When you can put your fingers on the cell, and not pull away in pain. Oh it may be very warm, and highly uncomfortable, but if you can keep your fingers on it for any length of time, that's ok.

So what is too hot?
When you simply cannot keep your fingers on a cell, usually pulling away immediately.

But consumers don't see the actual REAL spec-sheets from quality manufacturers recommending at least 0.5 to 1C to obtain an efficient charge. It just so happens to coincide with the ability of a cell to emit the dv/dt signal (temporary voltage drop), but charging at trickle rates slow-roasts them to death, even if you can't feel the heat.

Much of the consumer myth stems from using super-fast chargers that are poorly designed destroying cells, and from those who want to keep their remote-control AA's, or batteries from their baby-swings working much longer than they were designed to - nevermind poor maintenance, balance, and high internal impedance from such abuse in toys, flashlights, and other sundry items.

Long story short:
Use at least 0.5C to provide an efficient level of charge AND force the cell to produce a quality EOC dv/dt signal. It's a two-part reason. Many who agree only do so because of the dv/dt signalling, forgetting that it also means efficiency during charge.

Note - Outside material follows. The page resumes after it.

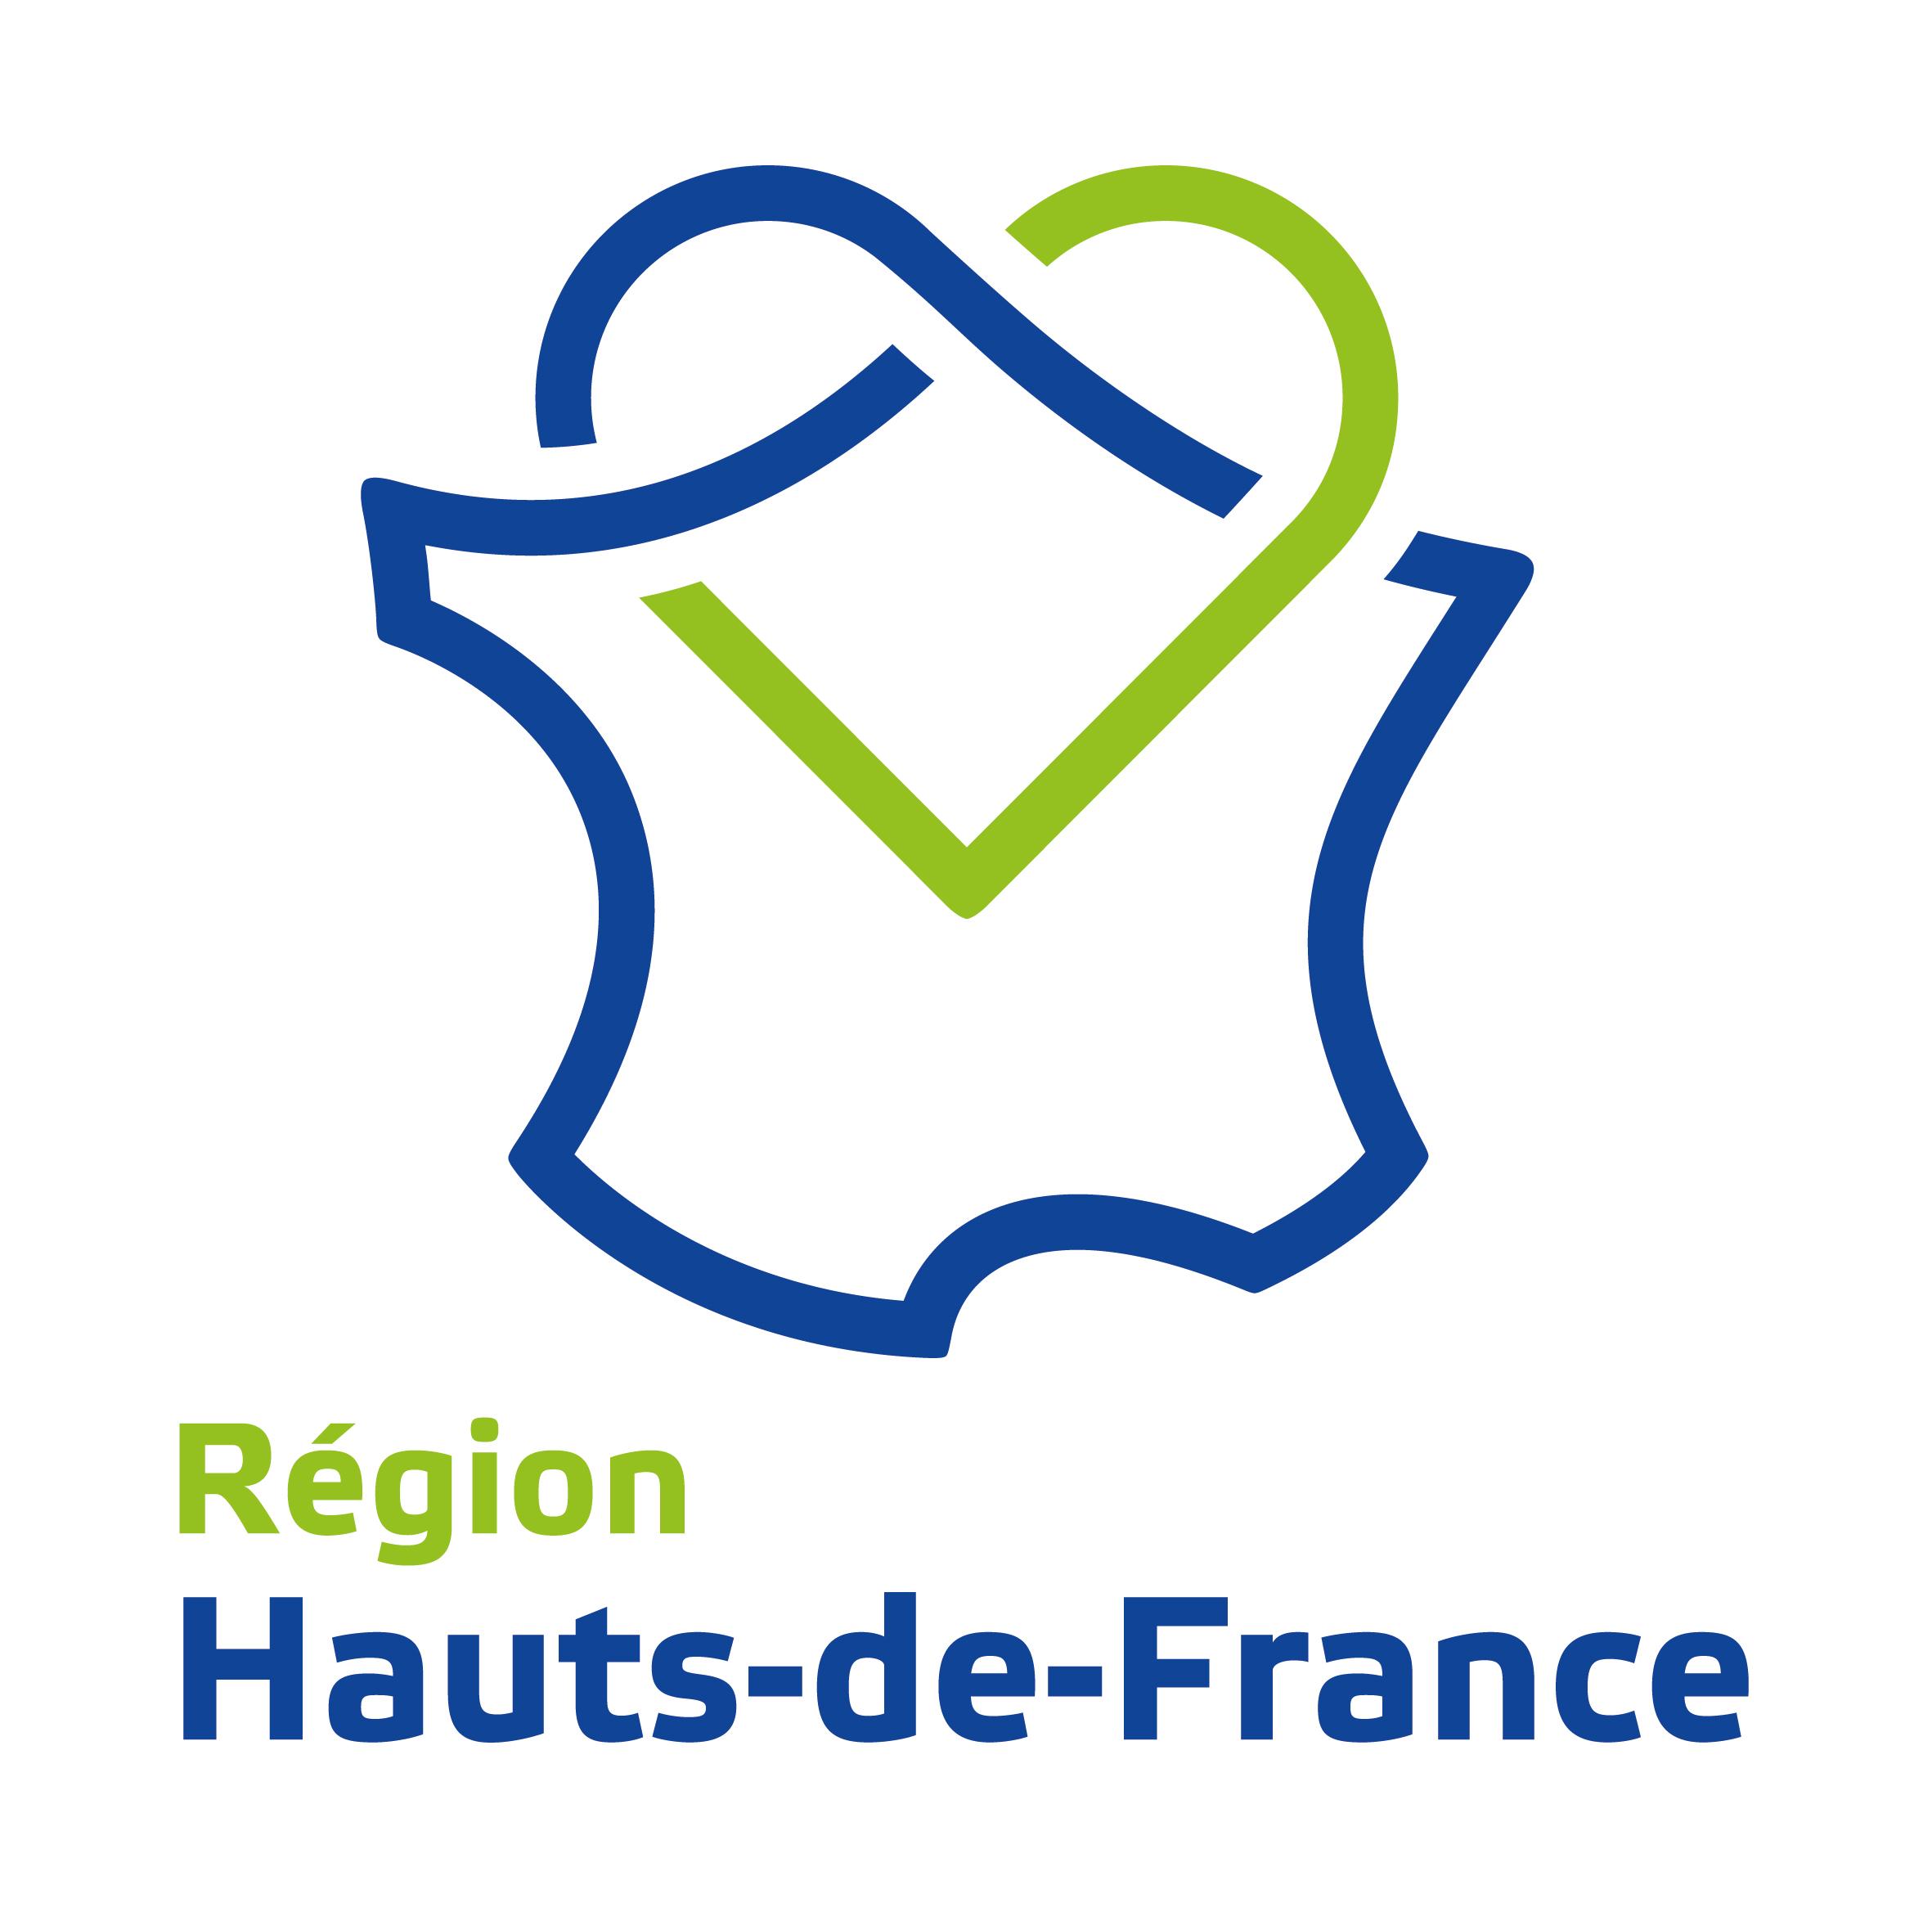 Region Haut de France

The sad thing is that there is too much shade-tree backyard-mechanic myths about proper nimh charging to overcome from a consumer standpoint. The tide of misinformation is just too much. So much so, that even manufacturer's bend to the will of the "low and slow and no heat" consumer is always right desires in marketing materials, and the proper education about nimh gets lost.

In this project, simplicity was the goal, with accepted levels of degradation from doing so, just for fun apparently.